PECULIARITIES OF SMALL STRAINED ALICYCLE COMPOUNDS FORMATION IN CATALYTIC TRANSFORMATION OF METHANOL OVER ZEOLITE H-ZSM-5

The article presents the results of strained hydrocarbons formation study during the catalytic transformation of methanol into hydrocarbons on zeolite H-ZSM-5. The formation of the following strained cyclic compounds was determined: 1,1-dimethylcyclopropane, 1,2-dimethyl-cyclopropane, 1,1,2-trimethylcyclopropane, 1,2,3-trimethylcyclopropane, 1,1,2,2-tetramethylcyclo-propane, 1,1,2 , 3-tetramethylcyclopropane. The non-stationary character of strained cyclic hydrocarbons formation with a pronounced hydrocarbons formation rate maximum and subsequent deactivation of the catalyst was found. The temperature effect on strained hydrocarbons yield was evaluated.
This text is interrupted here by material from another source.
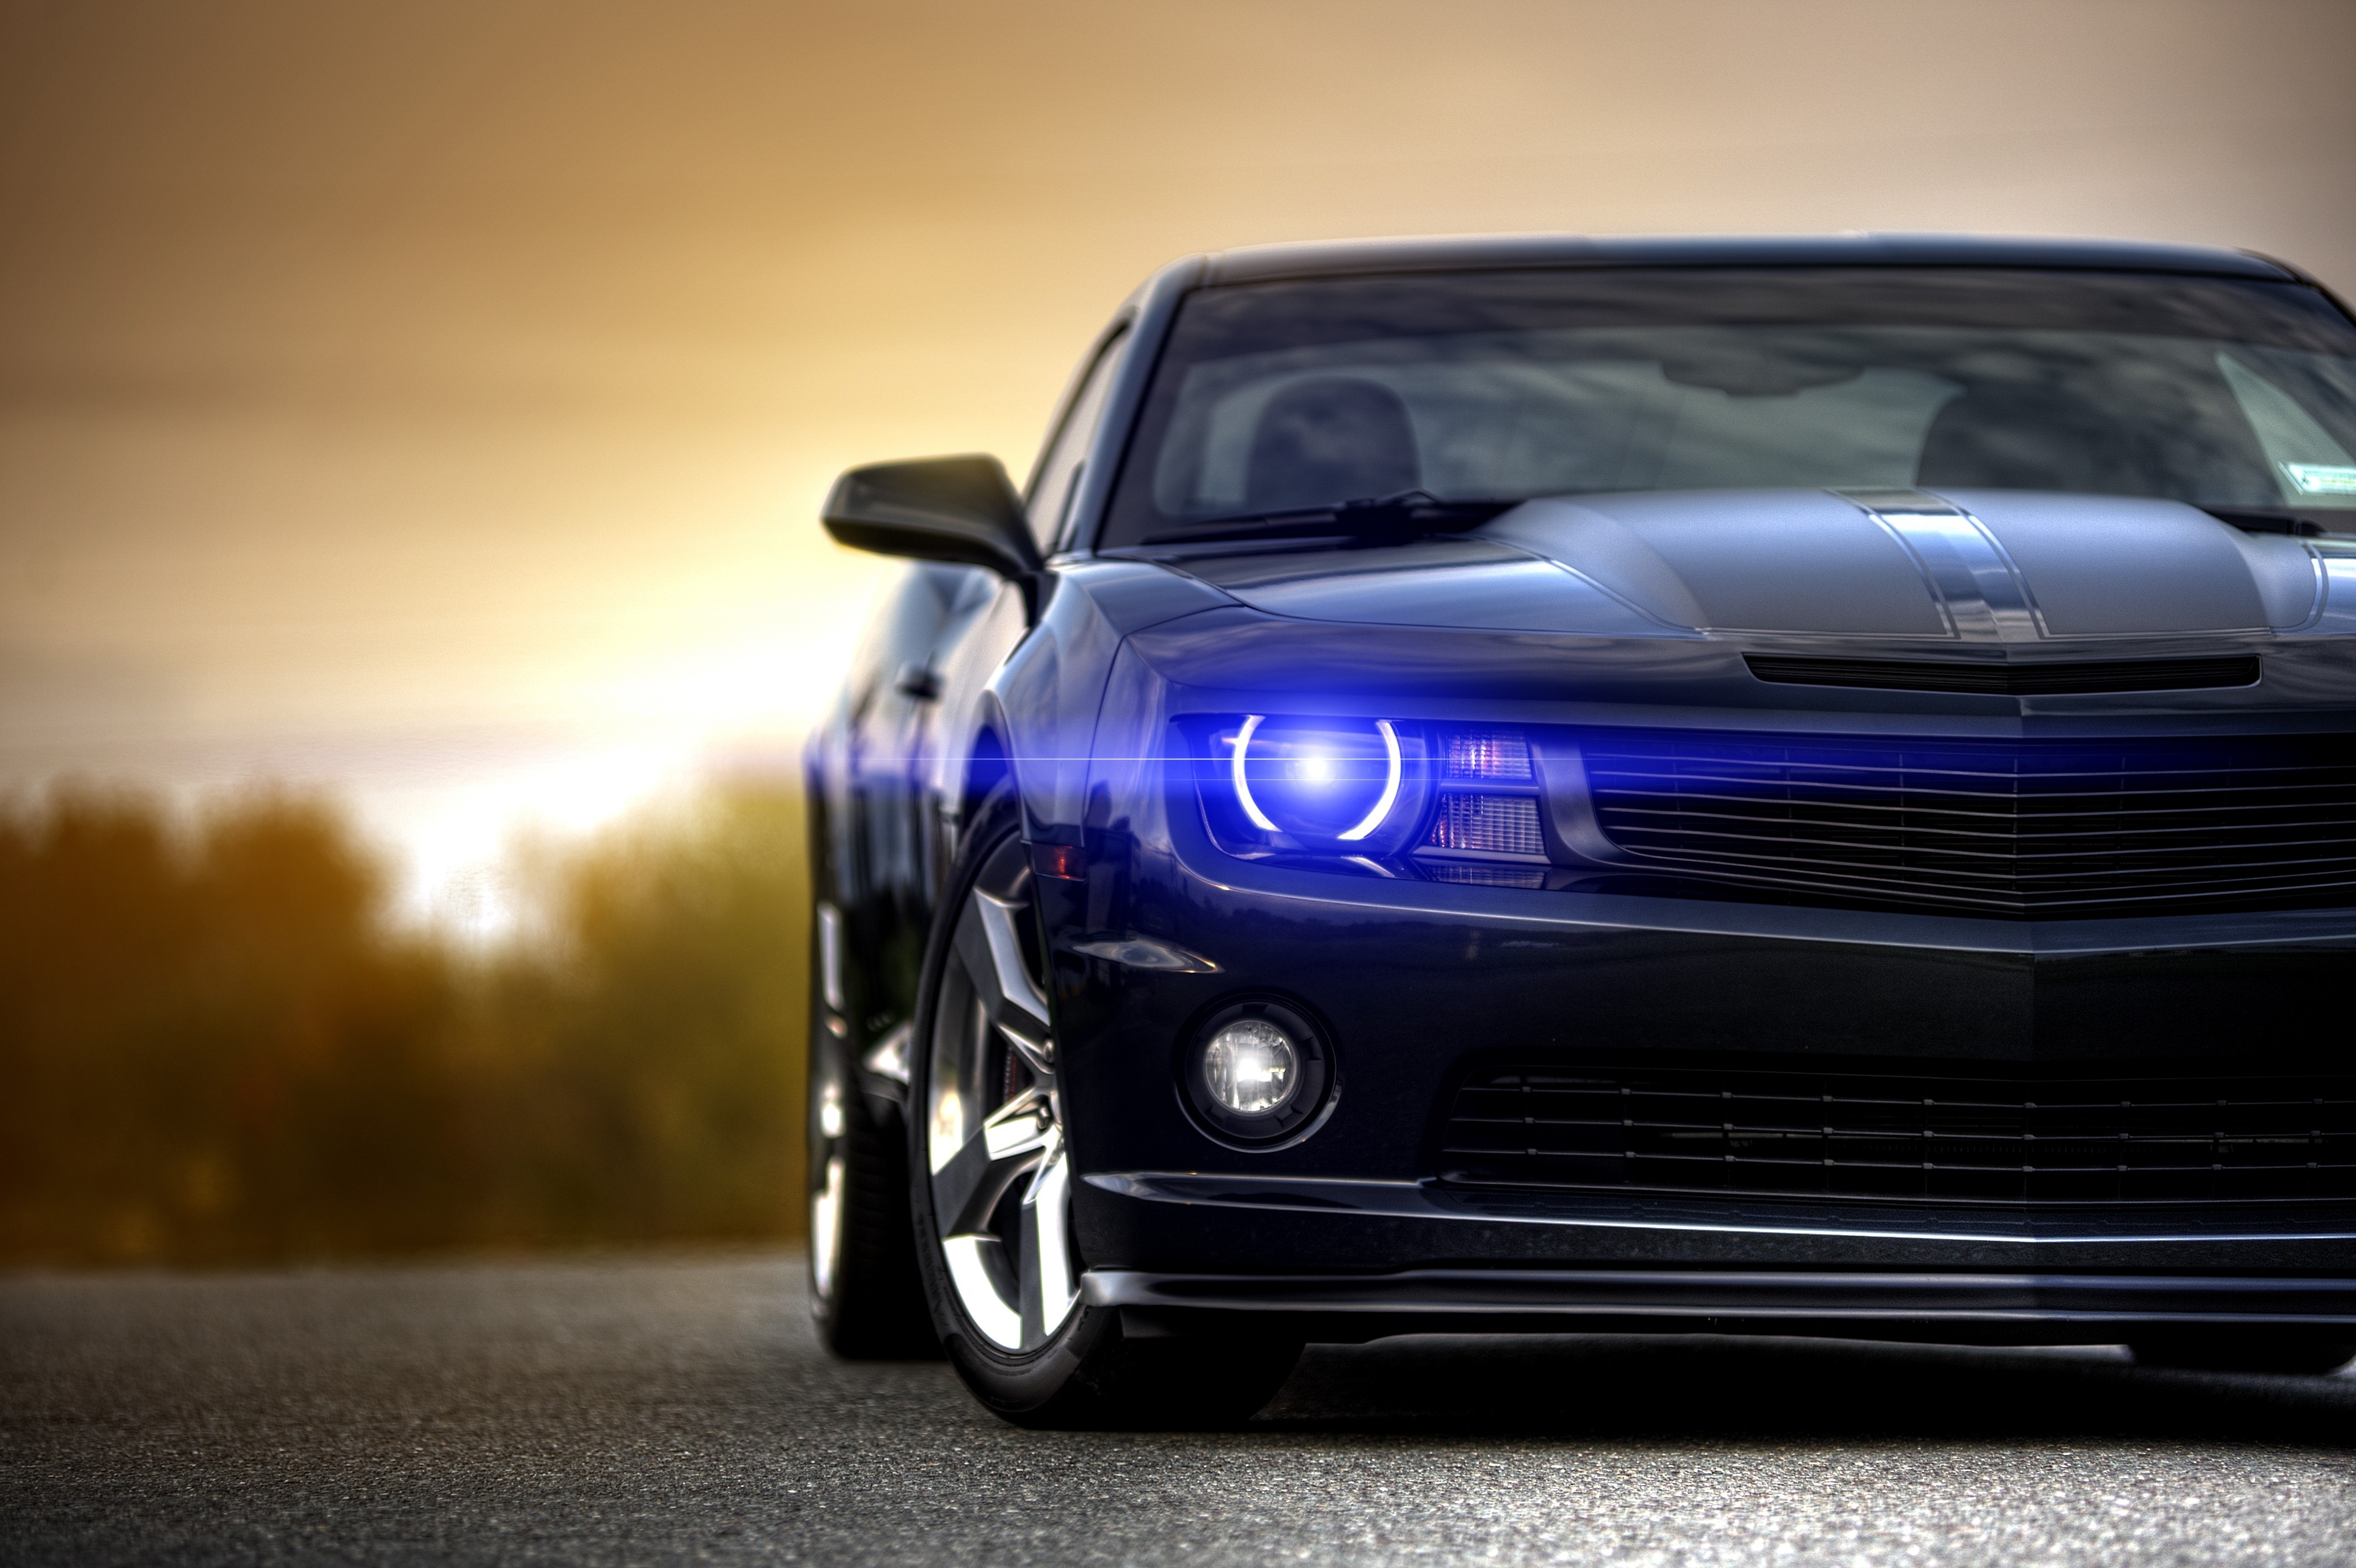 Muscle Car Widescreen image

Thus, with an increase in the process reaction temperature up to 400 °C, a maximum of strained hydrocarbons accumulation rate was achieved as 8-8.5 g(Hyd)/(kg(Cat)·h) on 350 h of reaction, and a further increase in the reaction temperature leads to a decrease in the strained hydrocarbons accumulation rate. The effect of the methanol feed rate on the strained hydrocarbons formation rate was also studied. An increase in the methanol feed rate from 0.02 ml/min to 0.16 ml/min results in increase in the strained hydrocarbons formation rate up to 37 g (Hyd)/(kg(Cat)·h). The article presents results of H-ZSM-5 physicochemical study used by ammonia chemisorption, nitrogen phisisorption, X-ray photoelectron spectroscopy. Physicochemical studies of catalyst samples after the methanol transformation process to form strained hydrocarbons showed a twofold decrease in the number of acid sites from 1.2 mmol(NH3)/g (sample) to 0.3 mmol (NH3)/g(sample) and a significant decrease in surface area of micropores from 294 m2/g for the initial sample to 16 m2/g for the sample after the reaction. The X-ray diffraction spectroscopy method showed that the composition of the catalysts H-ZSM-5 surface includes carbon, oxygen, silicon and aluminum. Carbon concentration was found to be 4.3 at.% on the surface of the initial catalyst. While the carbon concentration increases up to 14.1 at.% during the reaction. Also oxygen content on the catalysts surface decreases from 59.9 to 53.4 at%, silica concentration decreases from 35.5 to 32.1 at.%. The following indicates the formation of a carbon surface layer over the catalysts.